En effet, le train est un secteur très coûteux : l’entretien du service est considérable, la dégradation quotidienne des rames est une réalité, et les progrès techniques réclament des investissements pharaoniques.
Il y a donc toutes les chances pour que la situation change d’ici quelque temps…
Une fois la phase de séduction terminée, il n’est pas dit que les opérateurs privés assurent même le service public minimal.
C’est-à-dire la desserte des petites gares et l’accès de la mobilité à ceux qui en ont le plus besoin pour travailler, et qui n’ont pas assez pour prendre la voiture…
La SNCF peut-elle mieux faire ?
En tout cas, puisqu’elle est apparemment indissociable de l’entretien du réseau (SNCF Réseau), la société nationale ne va pas disparaître, elle doit donc s’adapter à la concurrence comme la Poste l’a fait…
Cela s’est traduit récemment par la fin d’un certain laxisme, particulièrement du point de vue du niveau sonore.
En effet, tout récemment, un usager qui écoutait une vidéo sans écouteurs a écopé d’une amende de 200€, ce qui est bien normal, tant cette pratique est significative d’un mépris des règles élémentaires du savoir-vivre[4].
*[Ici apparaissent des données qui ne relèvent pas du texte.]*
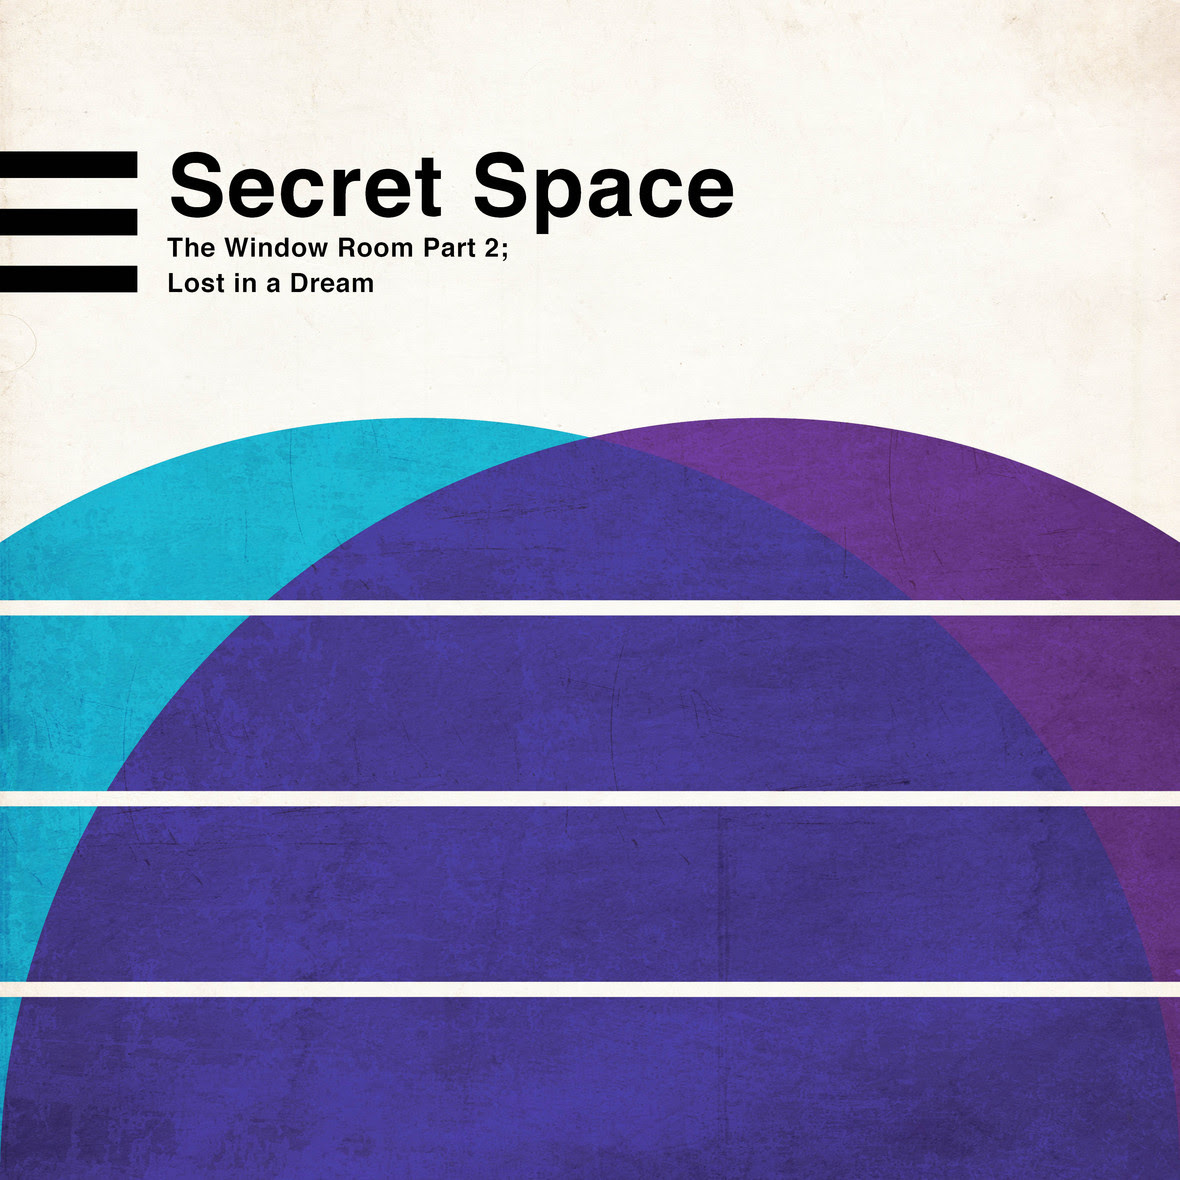 Secret-Space-22-01 1

L’amende était initialement de 50€, mais l’usager a refusé de la régler. Il y a donc eu un surplus. Toutefois, on voit que ce type de sanction tend à se multiplier.
Certes, il y a un risque d’abus, mais il faut aussi voir que la surenchère des prix du train n’est pas étrangère à la volonté d’échapper à la généralisation de l’incivisme. Enfin, il faut croire, la SNCF commence à y retrouver son intérêt.
Et vous, qu’en pensez-vous ? Prenez-vous encore le train, et si oui, comment ? j’ai hâte de vous lire.
Louis Volta
J’aime bien prendre le train,mais j’ai remarqué la dégradation des trains non TGV,et le prix, toujours en augmentation.
Et,il y a des endroits, où les gares ont fermées.
Il était temps de faire quelque chose; cela devient insupportable cette incivilité dans le train: téléphone, musique, discussions animées, des parents qui ne font rien pour calmer les cris des enfants.
Merci pour cet article! J’adore le train mais je ne le prends plus depuis plusieurs années car les gares près de chez moi ont fermé et le prix a augmenté considérablement. Si on rajoutait des lignes et qu’on revenait à des tarifs plus raisonnables, je le prendrai plusieurs fois par semaine sans hésiter!
en Italie il y a la concurrence pour la grande vitesse: Freccia Rossa e Italo. La concurrence exige de la part des 2 compagnies de donner le meilleur service.